Q: Does this make me a philistine in the arts?


*We rather liked our system of Bolshevik indoctrination in 70's Scotland!


----------



## chill782002 (Jan 12, 2017)

TurnaboutVox said:


> Q: Does this make me a philistine in the arts?


Not at all, as the fact that you are a moderator here amply proves.


----------



## Merl (Jul 28, 2016)

I had to do Latin at school and absolutely loathed it. I would have been better served by Spanish as I've attempted to use that on many foreign holidays (badly). I always found latin utterly pointless.


----------



## Totenfeier (Mar 11, 2016)

I had two years of high school Latin, but I mostly interact with Latin as the matrix for contemporary word etymologies. Concerning the value of a classical education, it is the study of the foundation on which any thriving culture must build, and thus has great value indeed. As modern pedagogy makes its own special contribution to the current and ongoing avalanche into the Second Dark Ages, we might as well study the classics now - they are going to have to be rediscovered in another thousand years anyway.


----------



## TurnaboutVox (Sep 22, 2013)

chill782002 said:


> Not at all, as the fact that you are a moderator here amply proves.


Kind of you to say so, but I'm merely an autodidact in the arts and humanities.


----------



## JJF (Aug 25, 2017)

"ongoing avalanche into the Second Dark Age"

Brilliant!


----------



## Dr Johnson (Jun 26, 2015)

TurnaboutVox said:


> Kind of you to say so, but I'm merely an autodidact in the arts and humanities.


I am an autodidact in classical music.

Long live the autodidact!


----------



## Totenfeier (Mar 11, 2016)

JJF said:


> "ongoing avalanche into the Second Dark Age"
> 
> Brilliant!


You are too kind.


----------



## chill782002 (Jan 12, 2017)

Amat victoria curam.


----------



## Taggart (Feb 14, 2013)

When I went to University, Latin was a compulsory entry requirement.

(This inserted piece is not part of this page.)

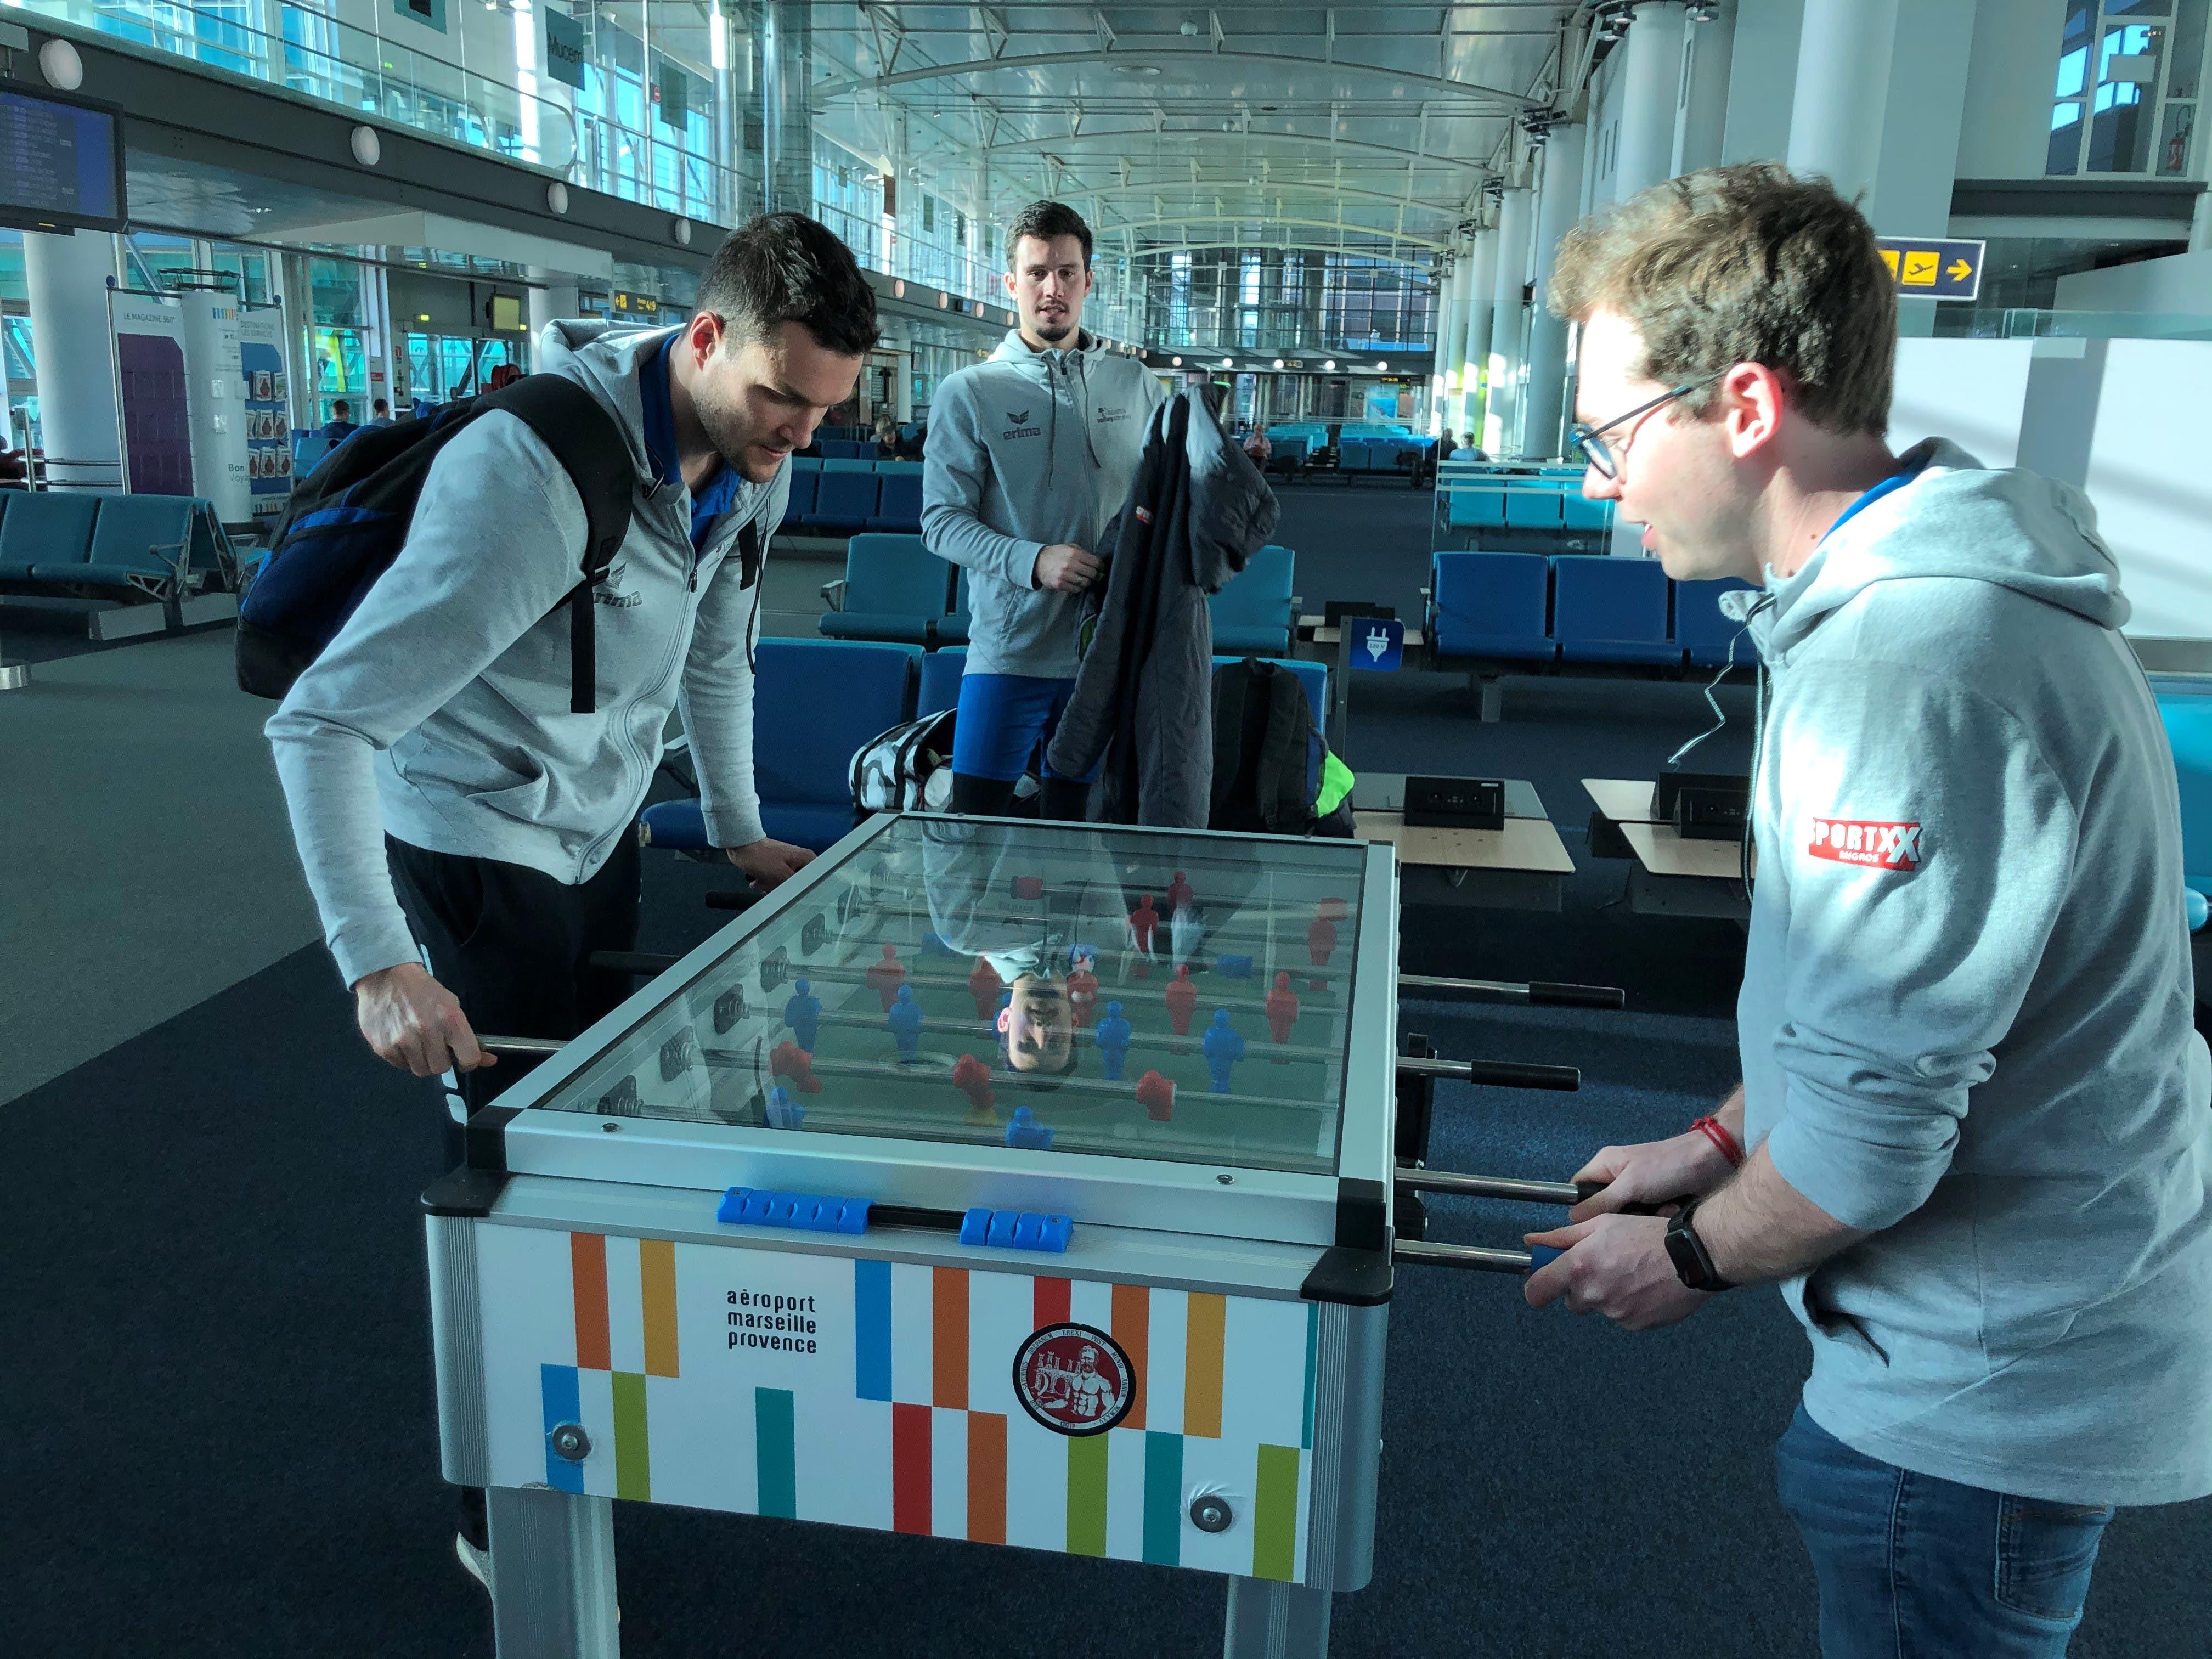 Auf dem Flug mit zwei Zwischenstopps gibt es viel Zeit totzuschlagen. Auf dem Flughafen von Marseille duellieren sich Thomas Zass (links) und Videoscout Riccardo Balsamo im Tischfussball. Jovan Djokic beobachtet das Spiel aus der Ferne.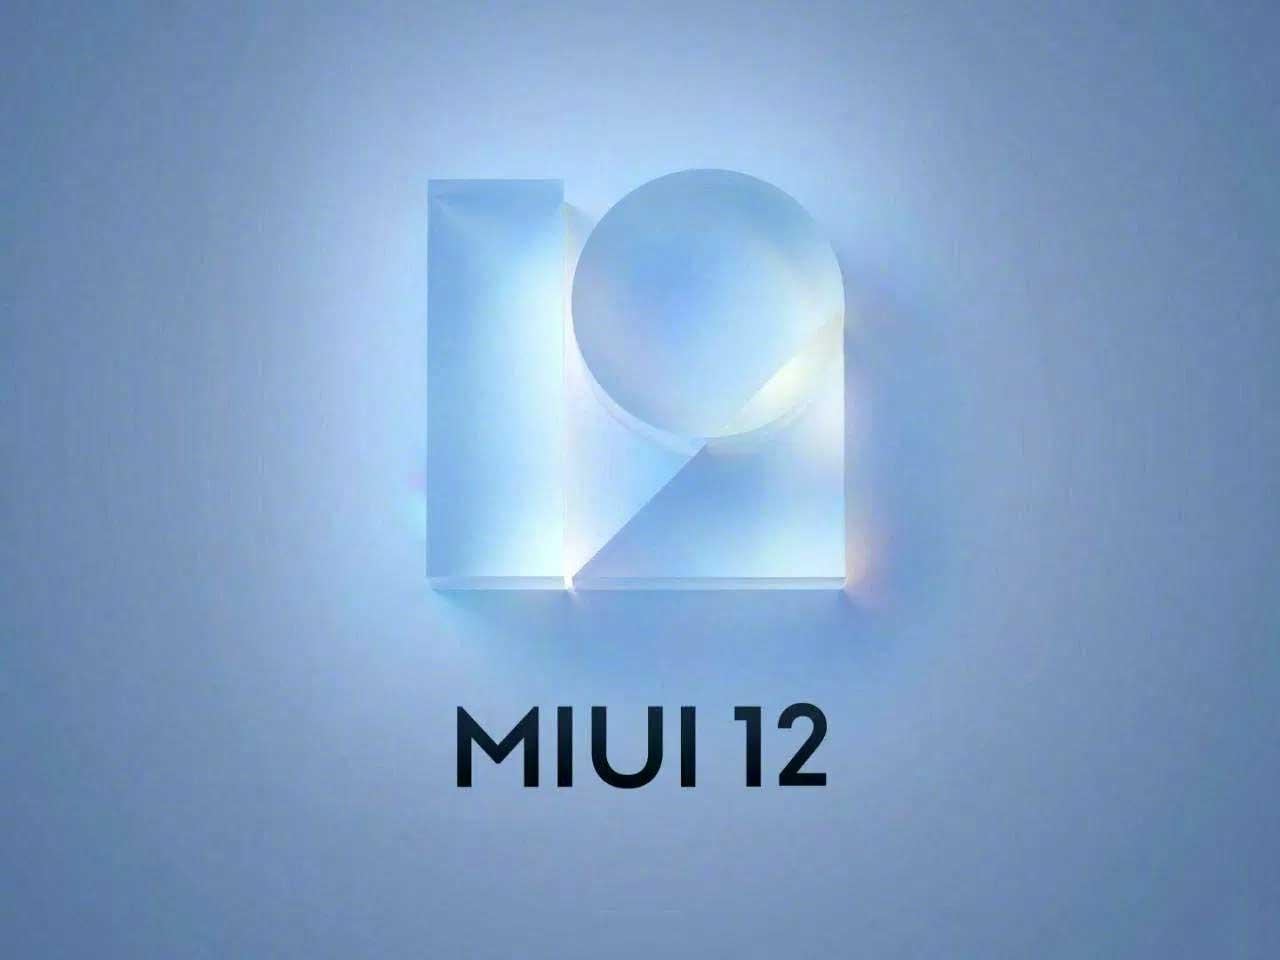 آپدیت آزمایشی MIUI 12 برای کدام گوشی های شیائومی ارایه می شود؟ لیست رسمی

Students were entered into four nations - Rothesay, Glottiana, Loudonina and Transforthiana - for rectorial elections. This was at Glasgow, the second (chronologically) after St. Andrews.


----------



## TxllxT (Mar 2, 2011)

OK, I probably rate for being a polyglot (including passive knowledge of Latin, Greek & Hebrew), but I don't like the sanctified halo around Latin & Greek. So I will try to make a thought provoking case against Latin & Greek.

Both languages are guilty of a centuries old discrimination of women. The Latin word _virtus_ is derived from _vir_, man. Morality for Romans and Greeks equaled 'manliness'. This conviction went so deep, that they anchored it in their languages (Greek: ἀρετή). The Roman/Greek concept of excellence is exclusively created from the male perspective.

Often the ancient Greeks are being praised for having invented 'democracy'. But their democracy was an oligarchy of a selected group: you had to be born as a citizen of a _polis_, you had to be male and you had to have a certain affluence. If your _fatum_ happened to be otherwise: say, you were female or a _xenos_, you never would be able to cast a vote.

Greeks were typical fond of deriding all _xenoi_ who were making mistakes in Greek. With Homeric laughter such a _xenos_ was denigrated. All foreign languages were "bar bar" for Greek ears: all foreigners were potential barbarians to them. So we still suffer under their legacy of _xenophobia_.

Of course I do like Latin & Greek, but some of their 'virtues' may have turned into vices from our modern perspective.


----------



## chill782002 (Jan 12, 2017)

It's not really fair to compare civilisations that flourished 2000 or so years ago by modern standards. However, with reference to your point about democracy, this was an innovation at the time in that it gave at least a certain proportion of the population some control over state policy instead of rule exclusively by one man or a very small group of men as had been the case previously. It's also worth noting that the Roman Republic eventually developed into a series of military dictatorships which were later formalised under the imperial system. This then remained the accepted system of rule for centuries. 

The modern system of universal suffrage is a relatively recent innovation, existing in most countries for only around a hundred years or less. There is also no guarantee that it will continue to exist in the future. Who is to say that the world might not turn their backs on it under external or internal pressures decades or centuries from now, just as the Romans did?


----------



## chill782002 (Jan 12, 2017)

You are right in saying that the Greeks were very xenophobic though, even against the Romans, who conquered Greece in 196 BC.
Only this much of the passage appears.